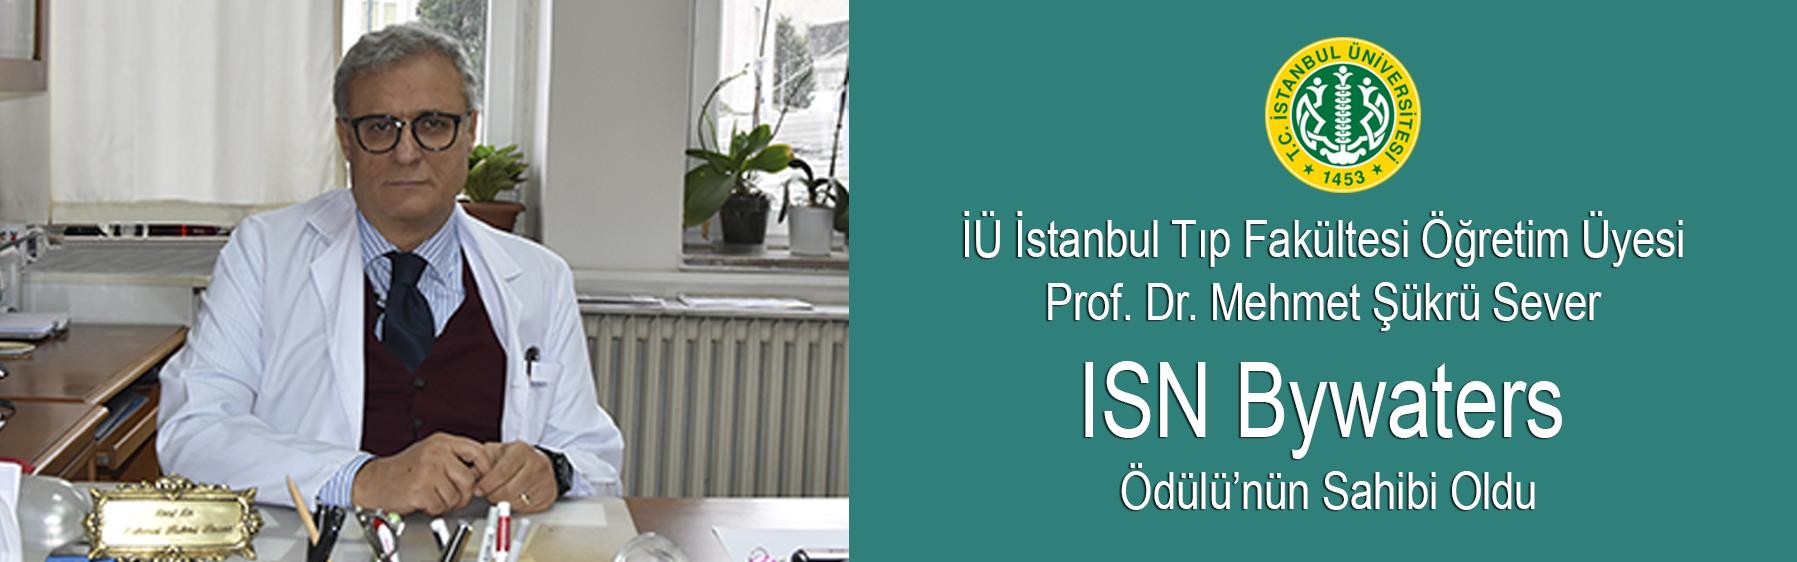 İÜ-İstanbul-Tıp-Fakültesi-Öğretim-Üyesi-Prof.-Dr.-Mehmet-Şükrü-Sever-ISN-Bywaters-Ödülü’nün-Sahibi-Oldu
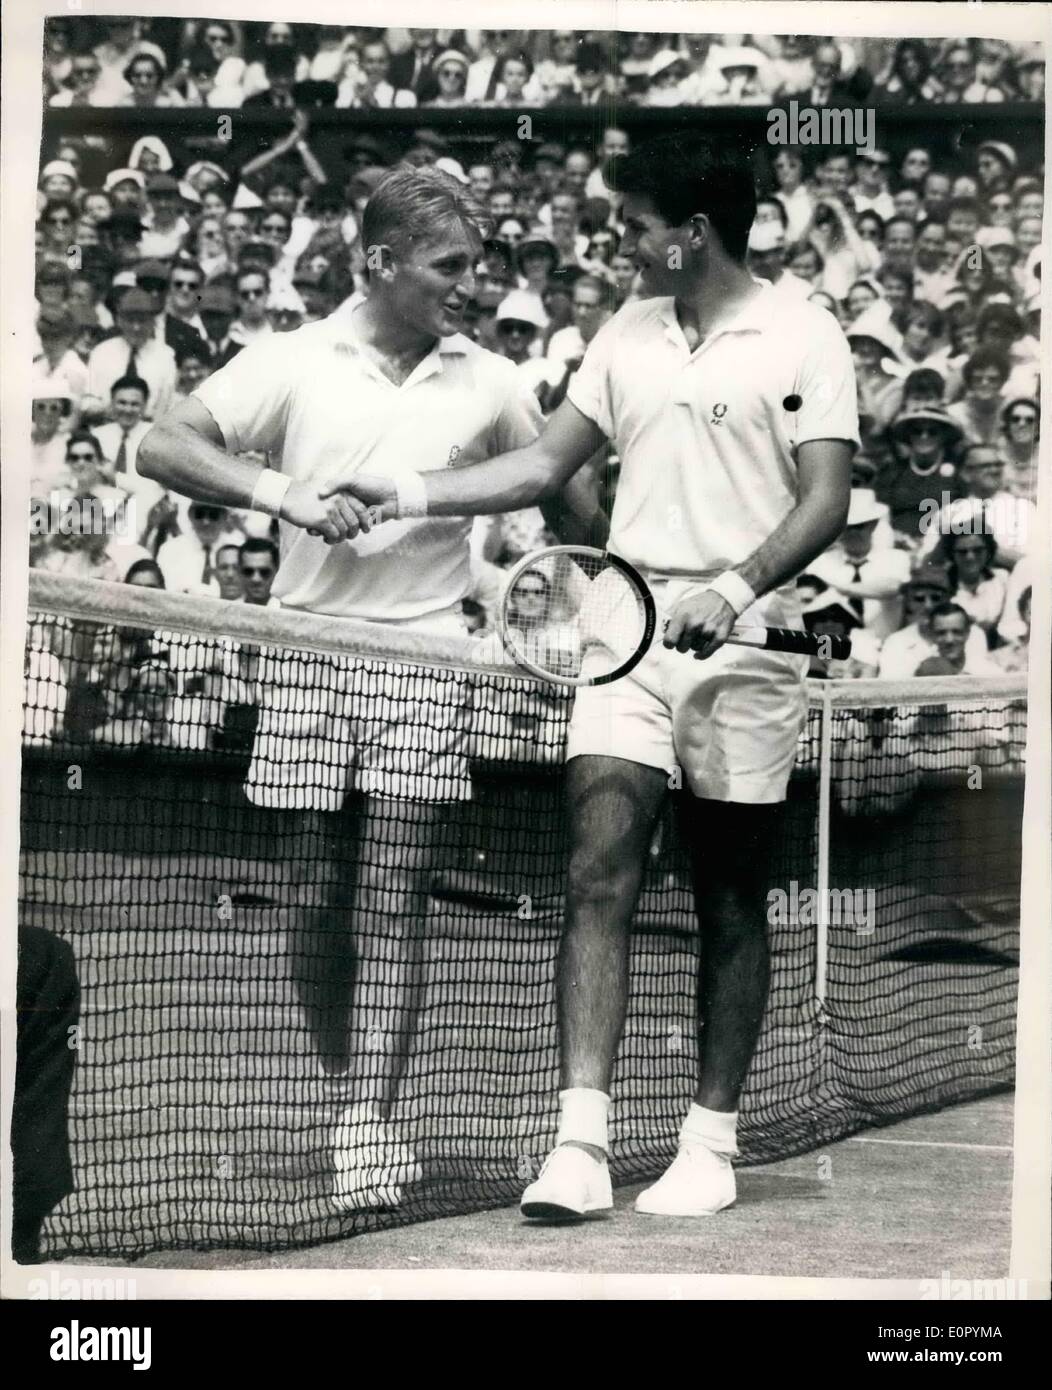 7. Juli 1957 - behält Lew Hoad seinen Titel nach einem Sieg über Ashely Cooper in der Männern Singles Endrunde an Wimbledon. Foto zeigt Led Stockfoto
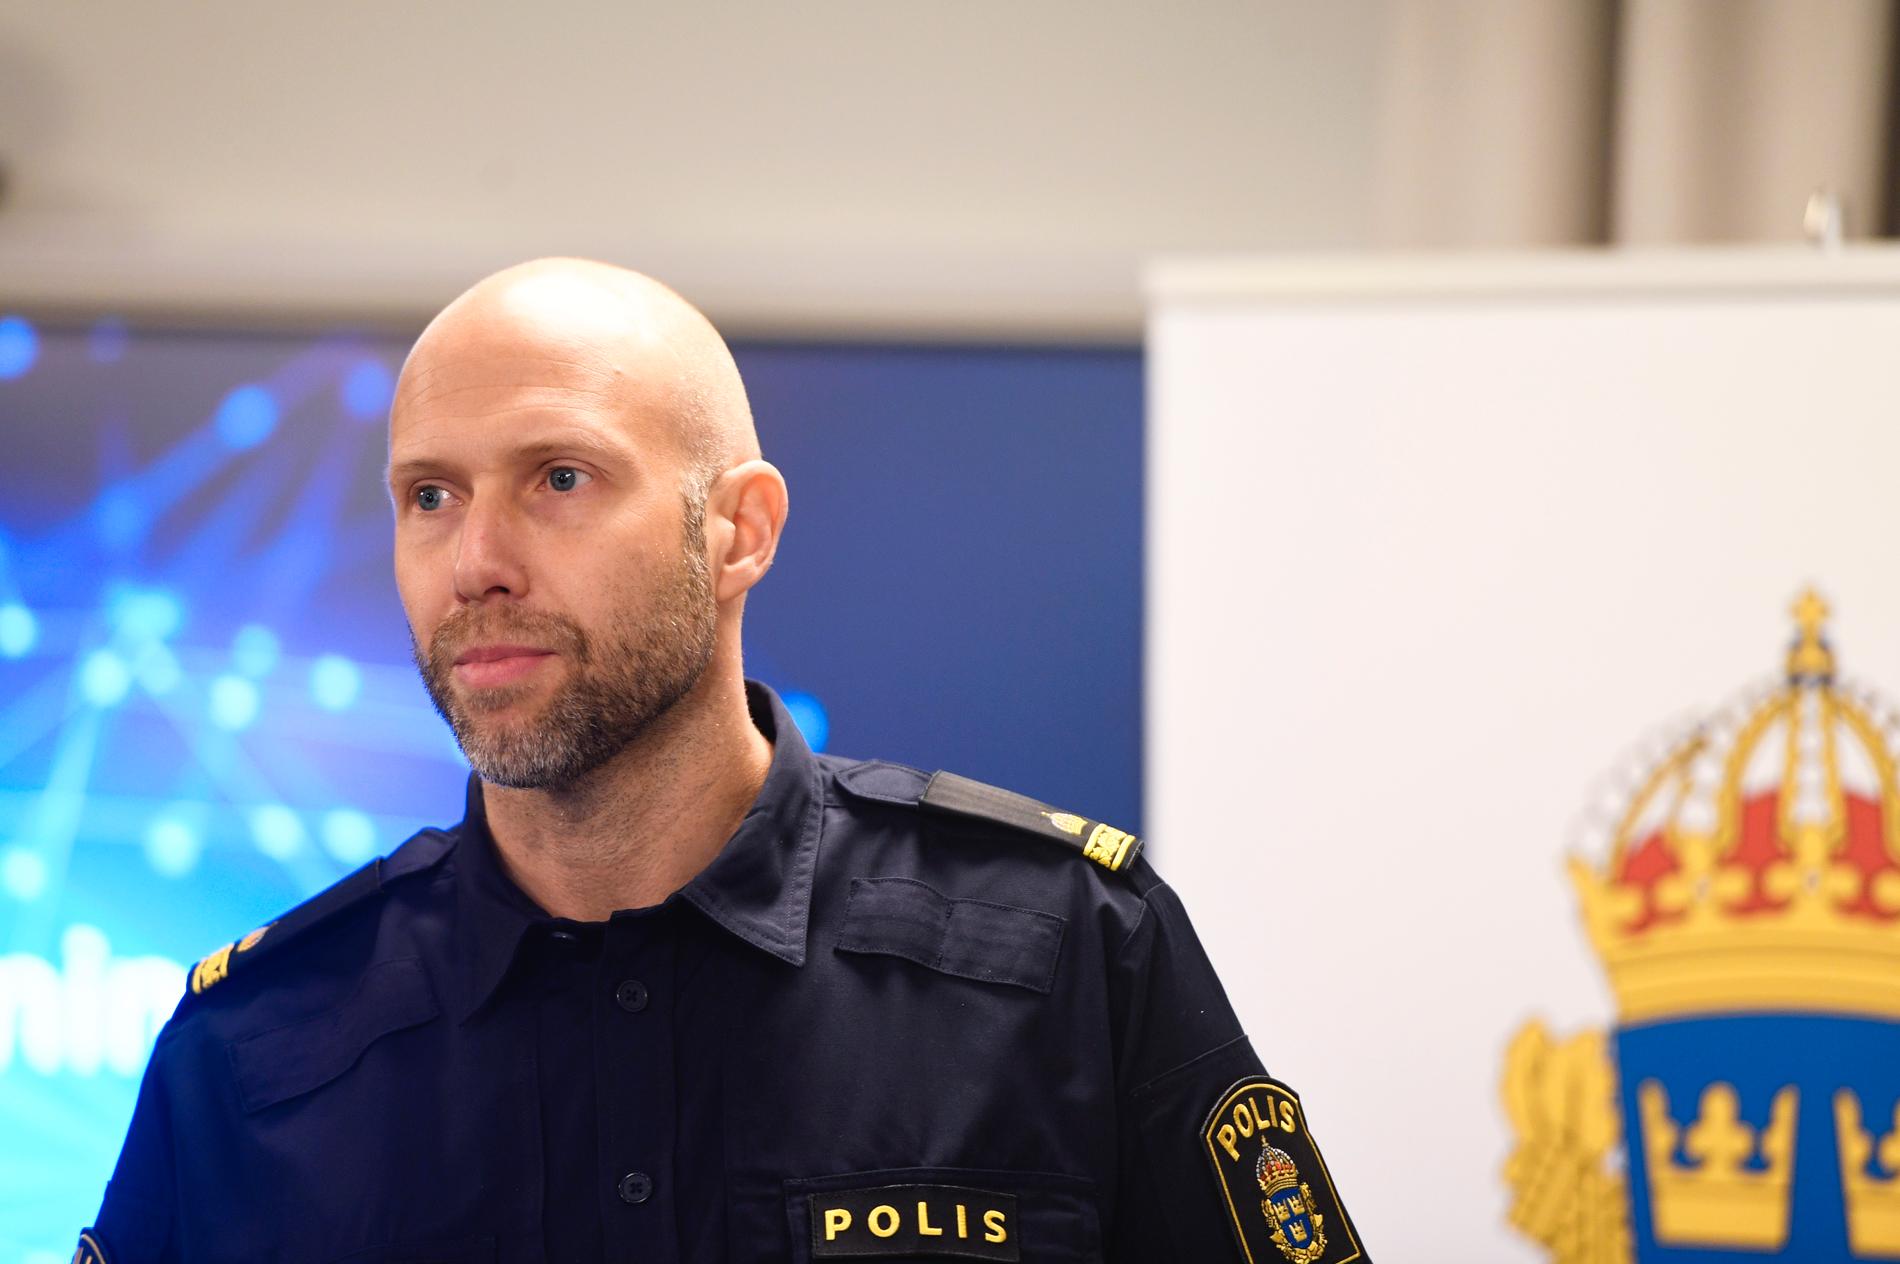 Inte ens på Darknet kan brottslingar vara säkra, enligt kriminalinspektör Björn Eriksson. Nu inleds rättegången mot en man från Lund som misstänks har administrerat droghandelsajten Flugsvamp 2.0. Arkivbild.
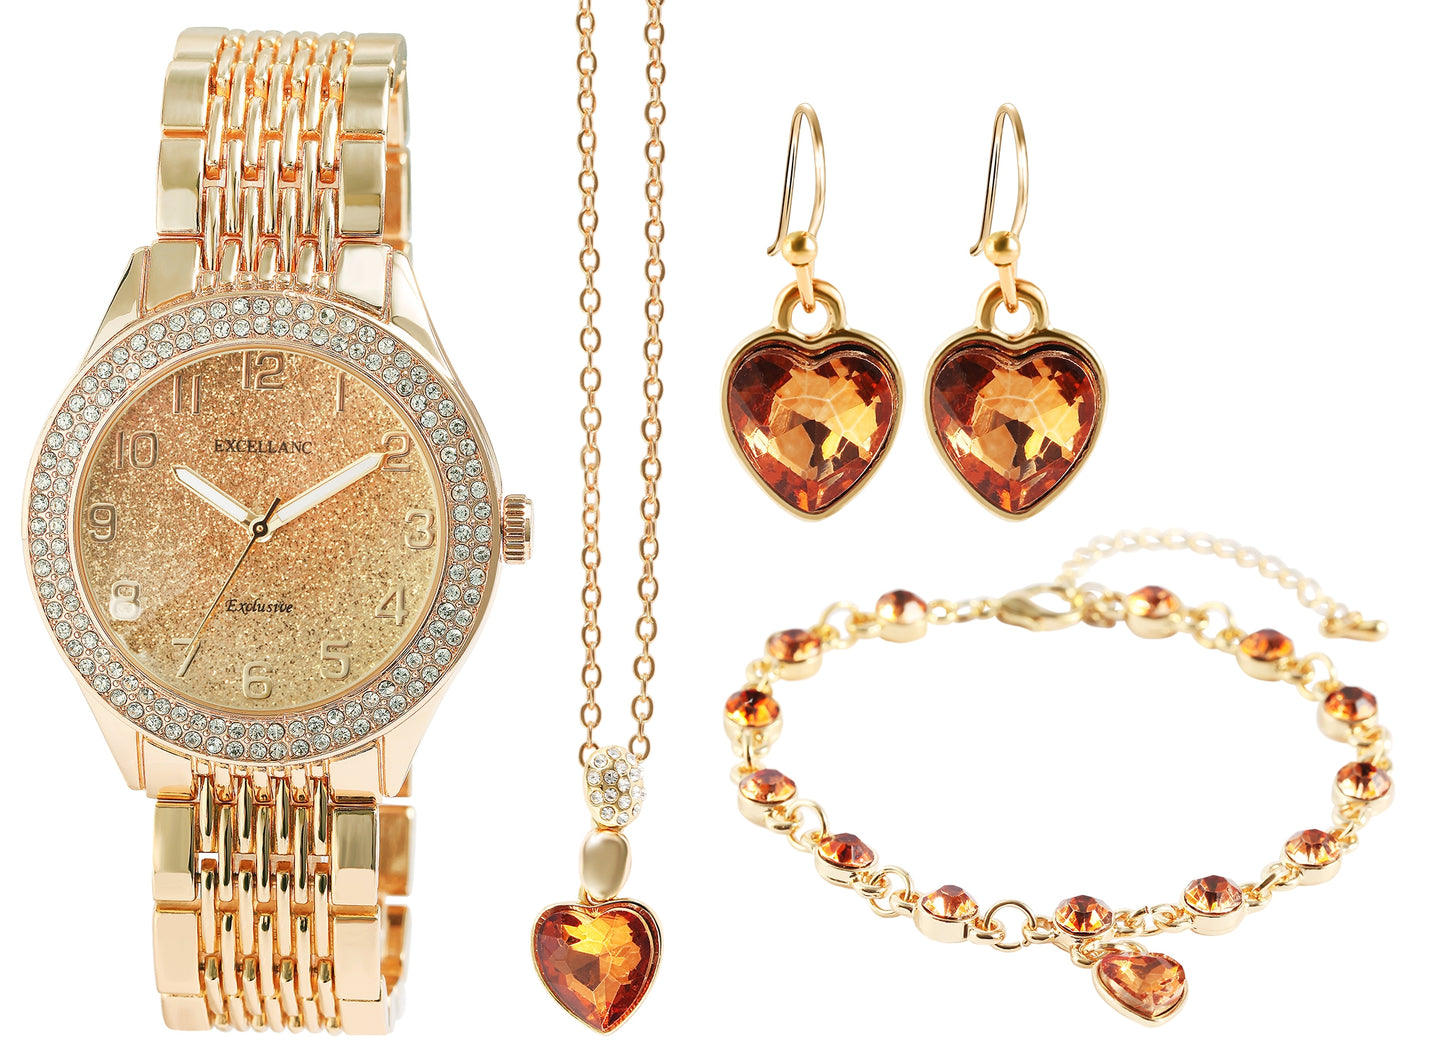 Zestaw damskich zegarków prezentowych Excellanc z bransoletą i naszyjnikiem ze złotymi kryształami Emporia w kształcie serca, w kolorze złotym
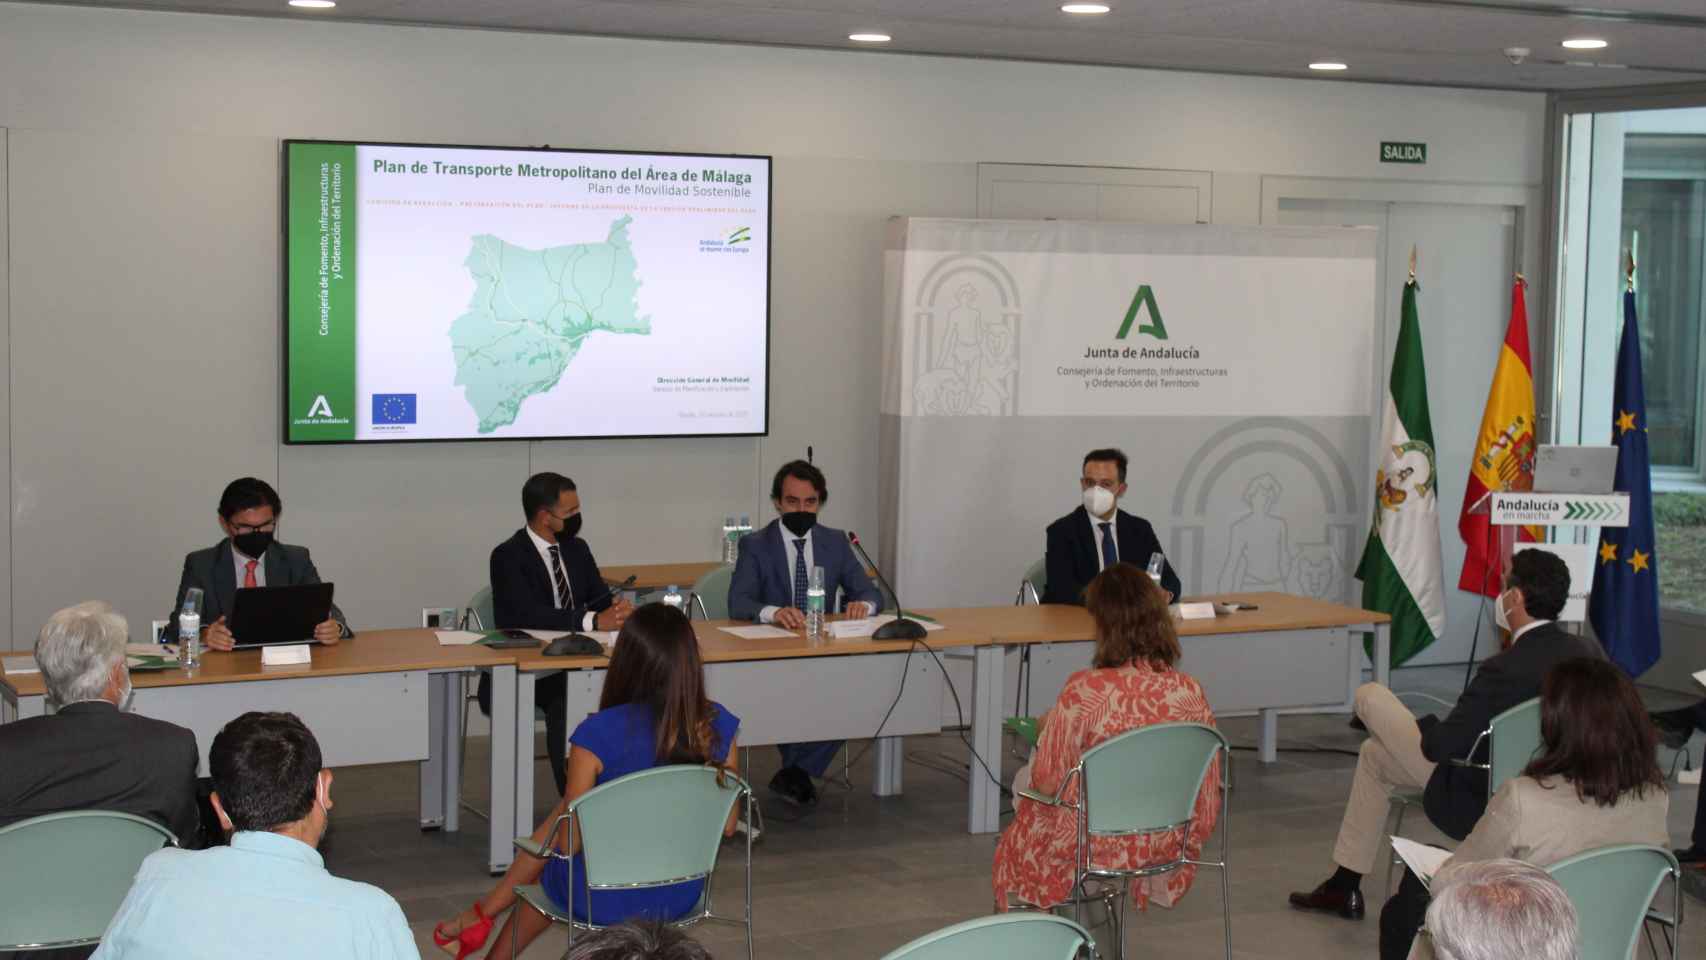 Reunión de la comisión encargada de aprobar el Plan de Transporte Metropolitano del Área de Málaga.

*****

## Task goal
The response must match the listing exactly, except that pictures are removed.

## Expected answer
 İÜ-İstanbul-Tıp-Fakültesi-Öğretim-Üyesi-Prof.-Dr.-Mehmet-Şükrü-Sever-ISN-Bywaters-Ödülü’nün-Sahibi-Oldu
 7. Juli 1957 - behält Lew Hoad seinen Titel nach einem Sieg über Ashely Cooper in der Männern Singles Endrunde an Wimbledon. Foto zeigt Led Stockfoto
 Inte ens på Darknet kan brottslingar vara säkra, enligt kriminalinspektör Björn Eriksson. Nu inleds rättegången mot en man från Lund som misstänks har administrerat droghandelsajten Flugsvamp 2.0. Arkivbild.
 Zestaw damskich zegarków prezentowych Excellanc z bransoletą i naszyjnikiem ze złotymi kryształami Emporia w kształcie serca, w kolorze złotym
 Reunión de la comisión encargada de aprobar el Plan de Transporte Metropolitano del Área de Málaga.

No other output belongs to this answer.